The User Datagram Protocol is a means for programs to make use of the IP network with very little additional complexity. It addresses the issue of multiplexing by using port numbers at the source and destination. Because IP only provides packets addressed to specific hosts, there is no way using pure IP to tell a host which program running on it is intended to receive a particular datagram. Therefore the concept of ports is used to sort incoming packets.

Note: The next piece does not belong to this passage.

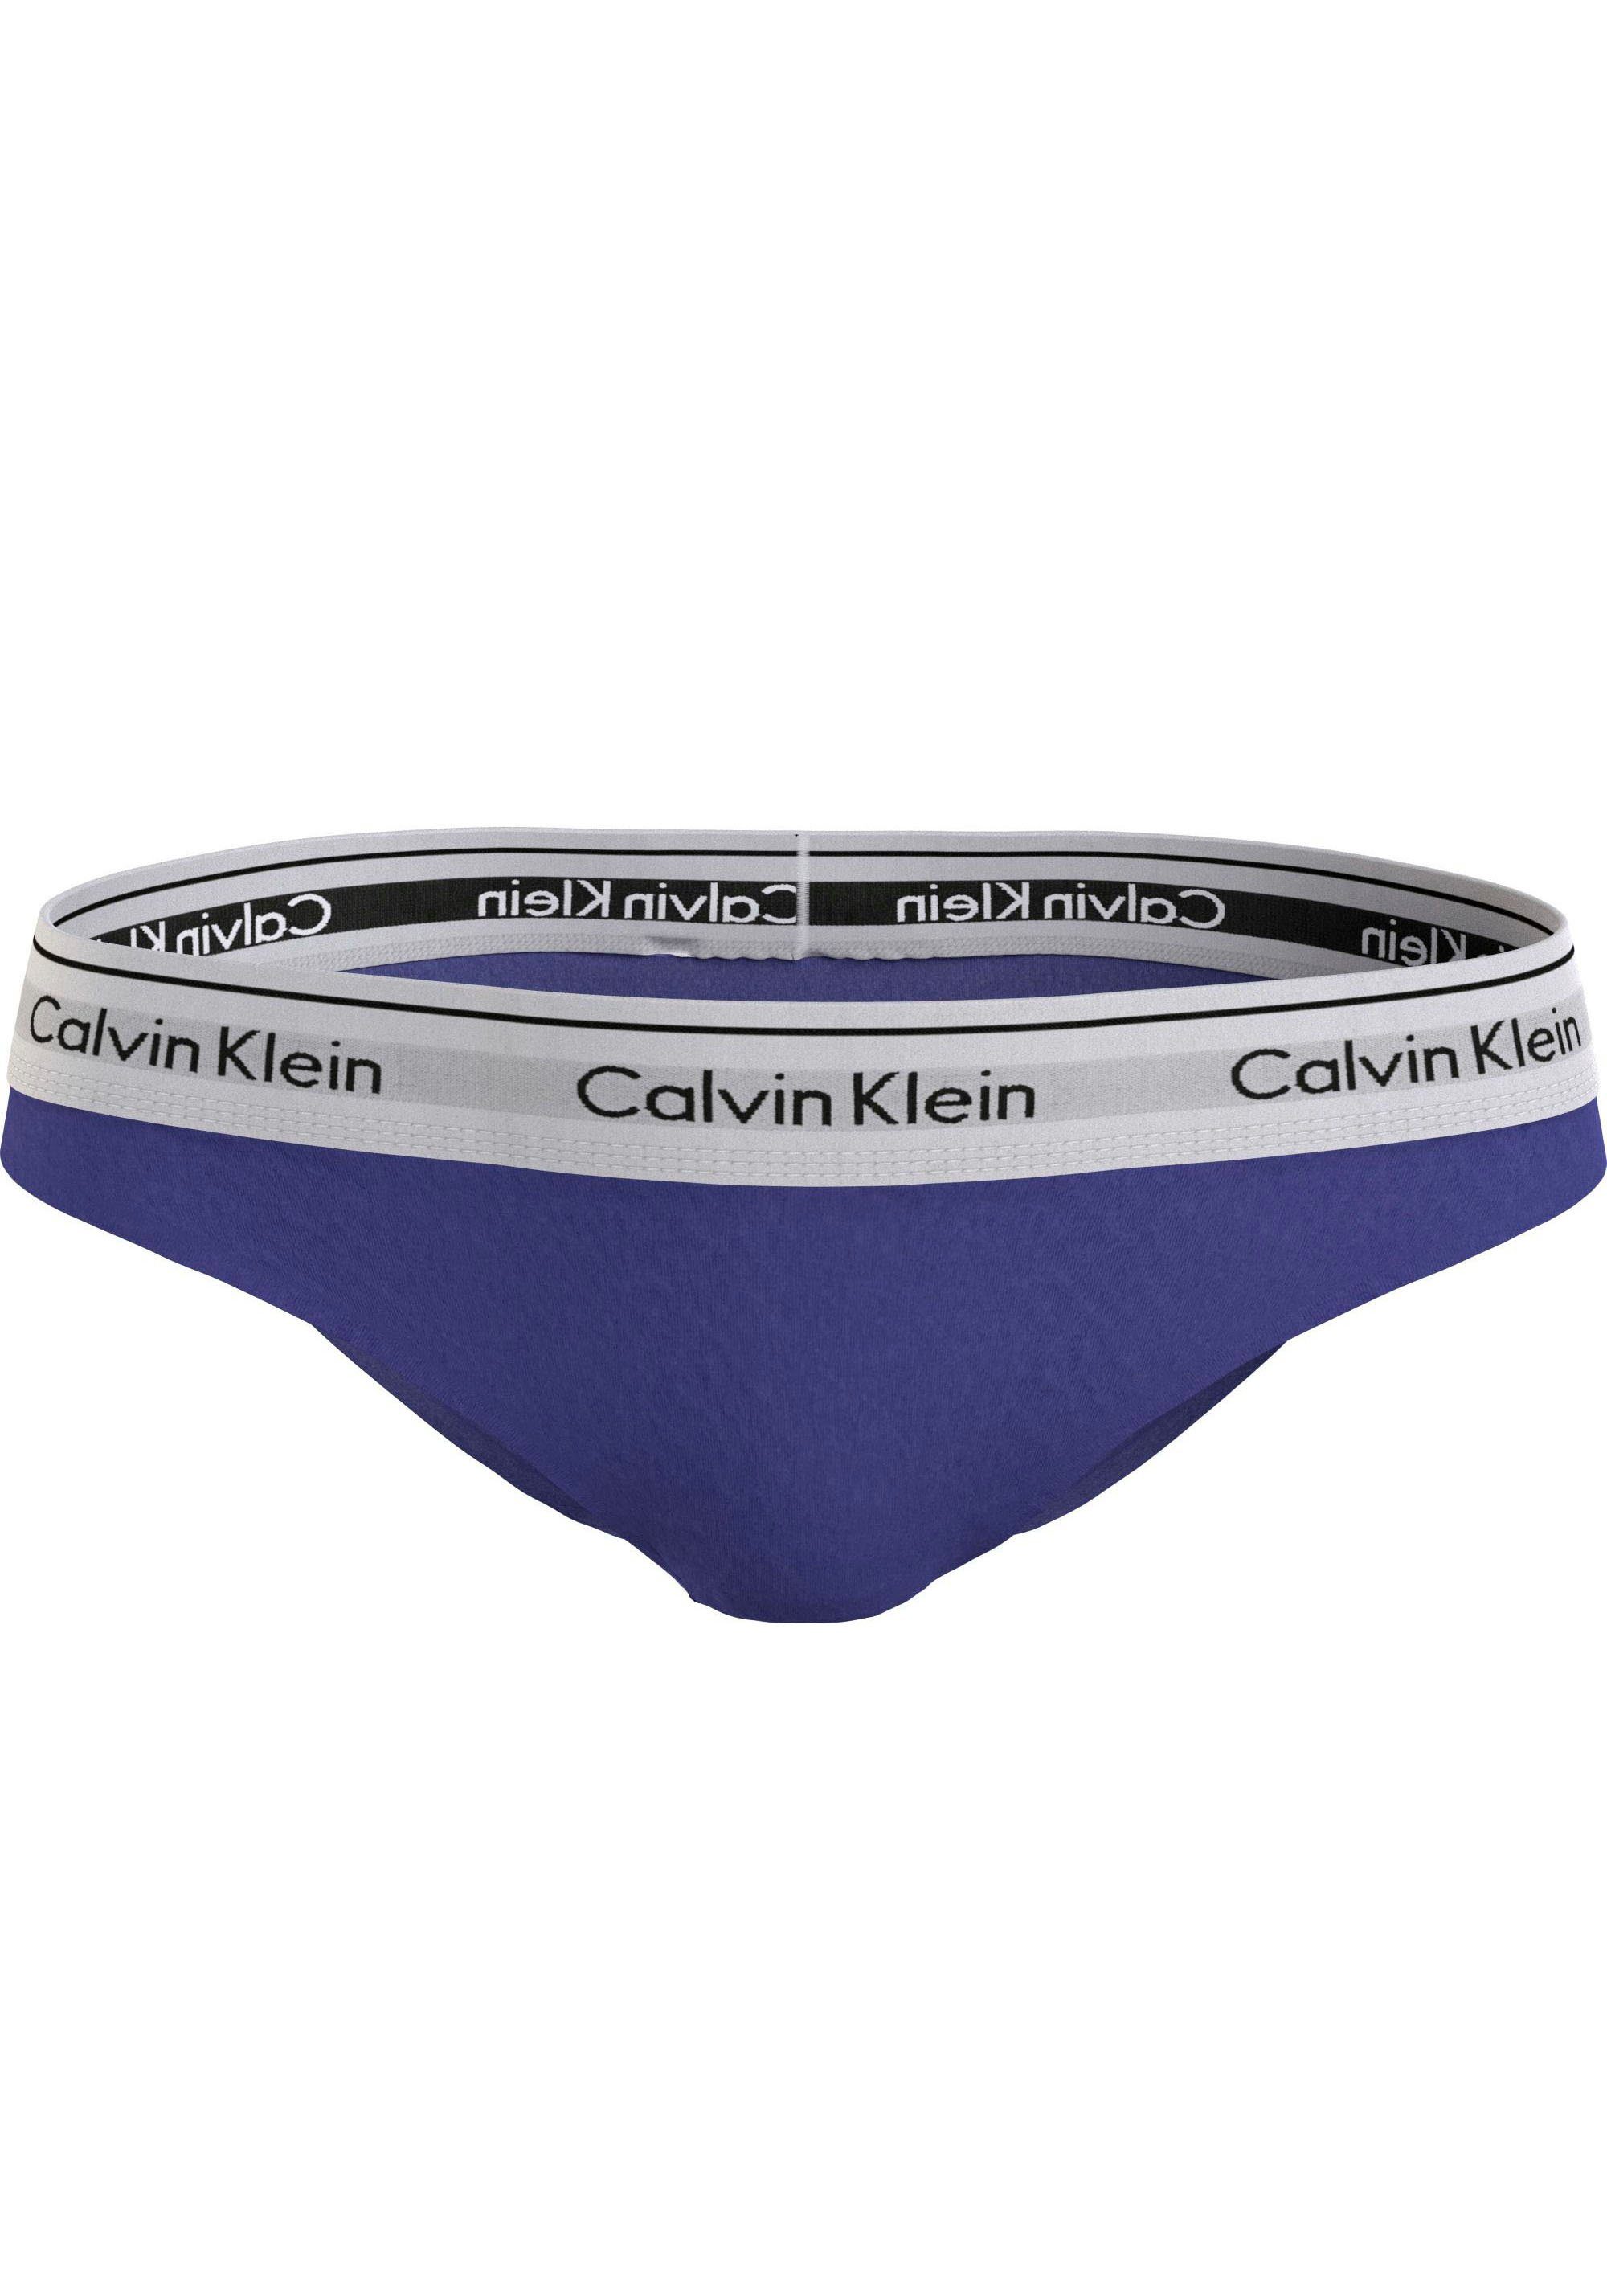 Underwear Klein Bikinislip blau Calvin klassischem Logo BIKINI mit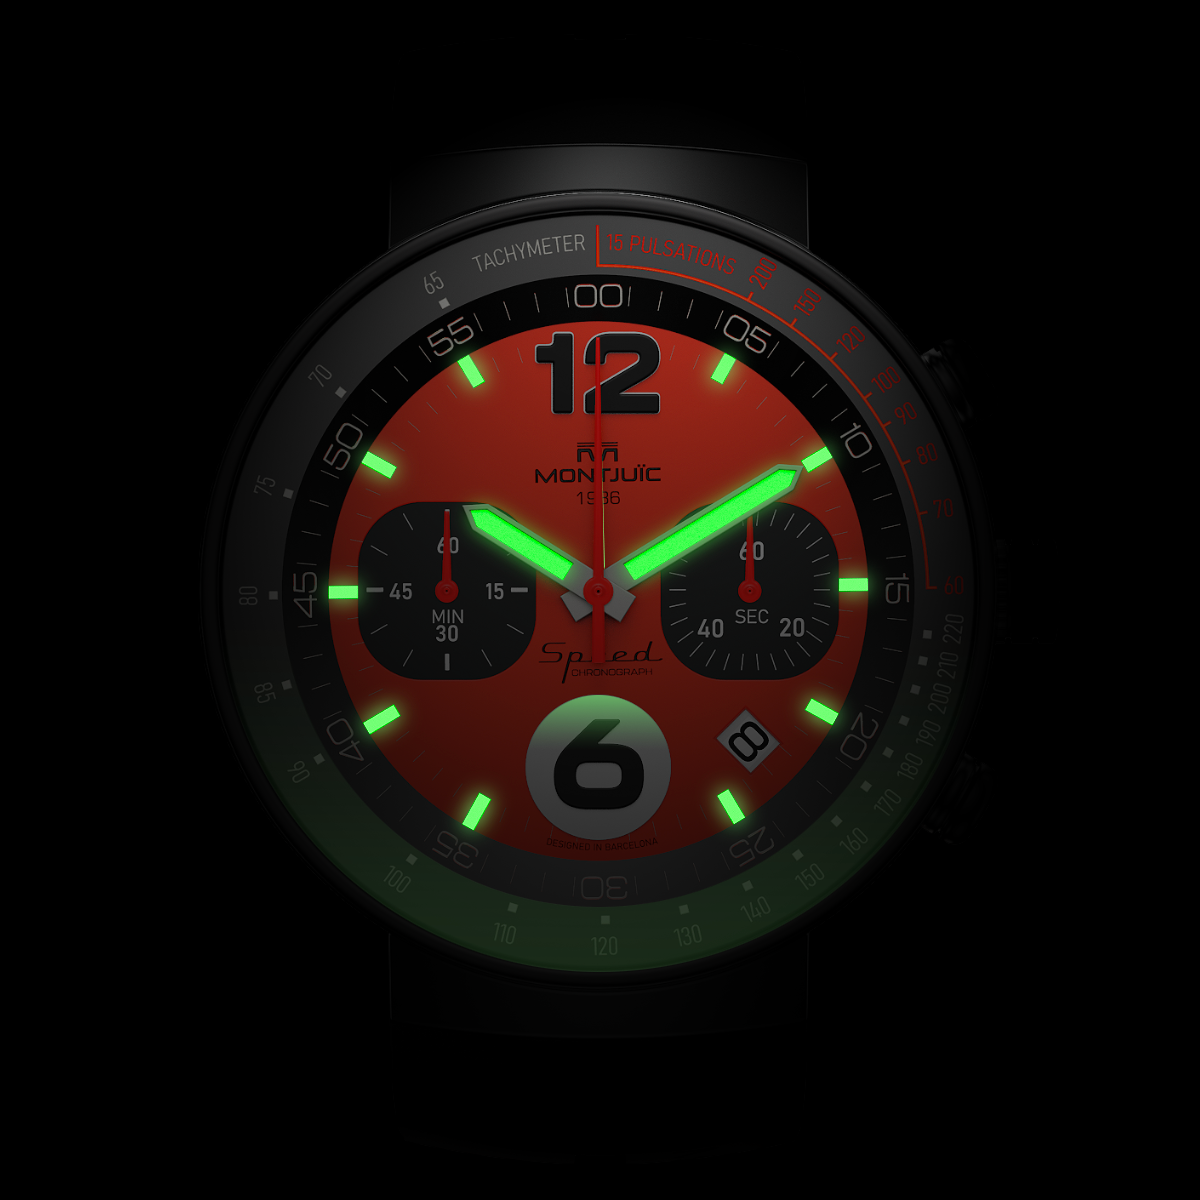 Reloj Montjuic Speed Chrono Negro con esfera Roja

A program on a host which wishes to receive data on a particular port notifies the host's operating system which port it is interested in. So long as no other running program has registered interest in that port, any incoming packets to that port are routed to that program on the host for processing.
Port numbers are a 16 bit number in the range 0-65535. The IANA maintians a list of registered and well-known ports to aid in the smooth operation of the Internet. Since UDP is essentially IP with port numbers, UDP has no guarantees of delivery or non duplication. This means it is possible for a UDP packet to be silently dropped somewhere in the network, or it could be delivered any number of times. Therefore it is up to the program which uses UDP to ensure that it properly handles missing and duplicated UDP datagrams.
Similar to UDP, TCP is also built on top of IP. The Transmission Control Protocol provides a virtual stream oriented connection between two hosts. This means that the bytes arrive in-order, or not at all when transmitted and an essentially unlimited amount of data may be transferred. TCP packets are multiplexed and demultiplexed in a similar fashion to UDP packets. That is to say TCP packets use ports as well.
TCP sessions differ significantly from UDP sessions in that there is a far more complicated (and time consuming) setup and teardown process to establishing and breaking these connections. This is required in order to implement reliable, ordered transport over the unreliable mechanism of IP. Regardless, for many if not most applications, reliability outweighs performance, at least on the scale of UDP vs. TCP performance.
It is important to note that while there is a client/server relationship during the setup of the TCP session, once established either of the originating roles may become irrelevant. Both sides may transmit and receive simultaneously. Therefore a TCP session is effectively two opposing virtual streams operating over the unreliable internet.